Try writing data to the plot table.
!curl http://localhost:3000/plot -X POST -H "Content-Type: application/json" \
-d '{"lon": -90.0, "lat": 45.0}' \
--silent{"code":"42501","details":null,"hint":null,"message":"permission denied for table plot"}It doesn’t work! That’s a good thing. We could have set up the API’s credentials with write privileges but we did not, so this is exactly what we want to see. It is possible to configure an endpoint with write privileges but I have not tried it yet.
query using Python
We can use the requests library to send queries to PostgREST. This query uses the query_bbox function that we defined in setup_db.sql, which is conveniently set up as an endpoint in our API.
import requests
bbox = (-95.9190, 45.7978, -90.6841, 48.1250)
r = requests.post(
"http://localhost:3000/rpc/query_bbox",
json={"xmin": bbox[0], "xmax": bbox[1], "ymin": bbox[2], "ymax": bbox[3]},
headers={"Accept": "application/geo+json"},
)- note: all user-defined functions get dropped under the
rpc/prefix, see the docs for more info
Since we requested the data be returned in the GeoJSON format, we can load the returned data into a geopandas.GeoDataFrame very easily:
import geopandas as gpd
gdf = gpd.GeoDataFrame.from_features(r.json(), crs=4326)

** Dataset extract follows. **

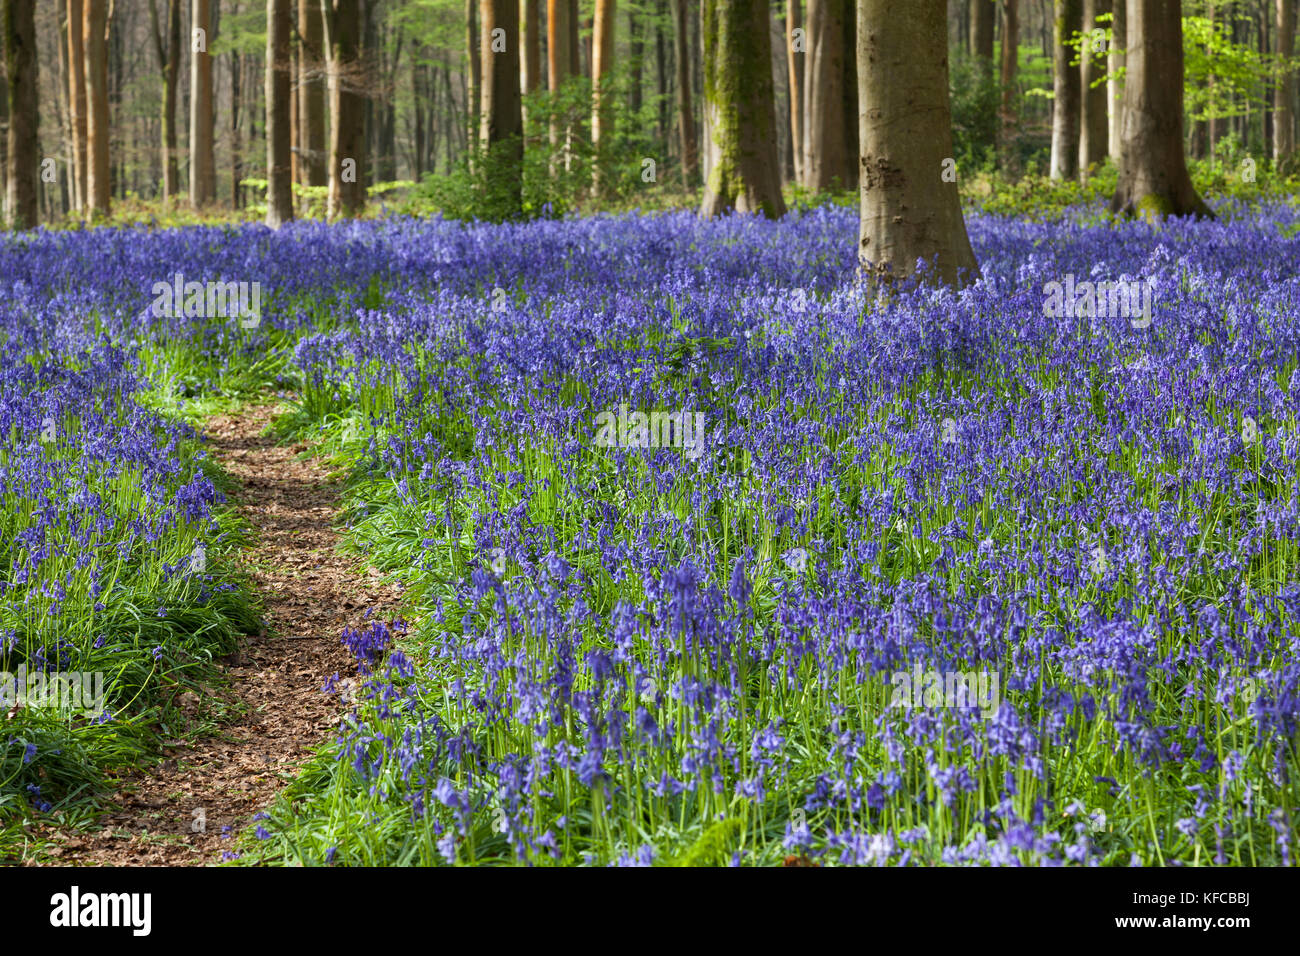 Chemin à travers les cloches (jacinthoides non-scripta) floraison au printemps à West Woods, Lockeridge, Wiltshire, Angleterre, Royaume-Uni Banque D'Images

gdf| geometry | id | lon | lat | |
|---|---|---|---|---|
| 0 | POINT (-91.52903 46.13801) | 4 | -91.529030 | 46.138012 |
| 1 | POINT (-94.91882 47.75245) | 25 | -94.918816 | 47.752453 |
| 2 | POINT (-93.55267 47.90618) | 339 | -93.552666 | 47.906178 |
| 3 | POINT (-94.52316 47.52239) | 924 | -94.523155 | 47.522390 |
| 4 | POINT (-93.37778 48.05107) | 955 | -93.377785 | 48.051070 |
Or, we can drop the GeoJSON directly into an interactive map using folium:
import folium
import geojson_pydantic
center = ((bbox[1] + bbox[3]) / 2, (bbox[0] + bbox[2]) / 2)
m = folium.Map(location=center, zoom_start=7)
# add bounding box to map
bbox_geojson = folium.GeoJson(
data=geojson_pydantic.Feature(
type="Feature",
properties={},
geometry=geojson_pydantic.Polygon.from_bounds(*bbox)
).dict(exclude_none=True),
style_function=lambda x: {
"opacity": 1,
"dashArray": "1",
"fillOpacity": 0,
"weight": 2,
},
)
bbox_geojson.add_to(m)
# add points to map
plots_geojson = folium.GeoJson(data=r.json())
plots_geojson.add_to(m)
mMake this Notebook Trusted to load map: File -> Trust Notebook
Conclusion
Hopefully this is enough to get you up and running with a REST API for your own PostGIS database! I highly recommend paging through the PostgREST documentation, so if you are left wondering about the possibilities for a REST API for your database, definitely check out the full documentation.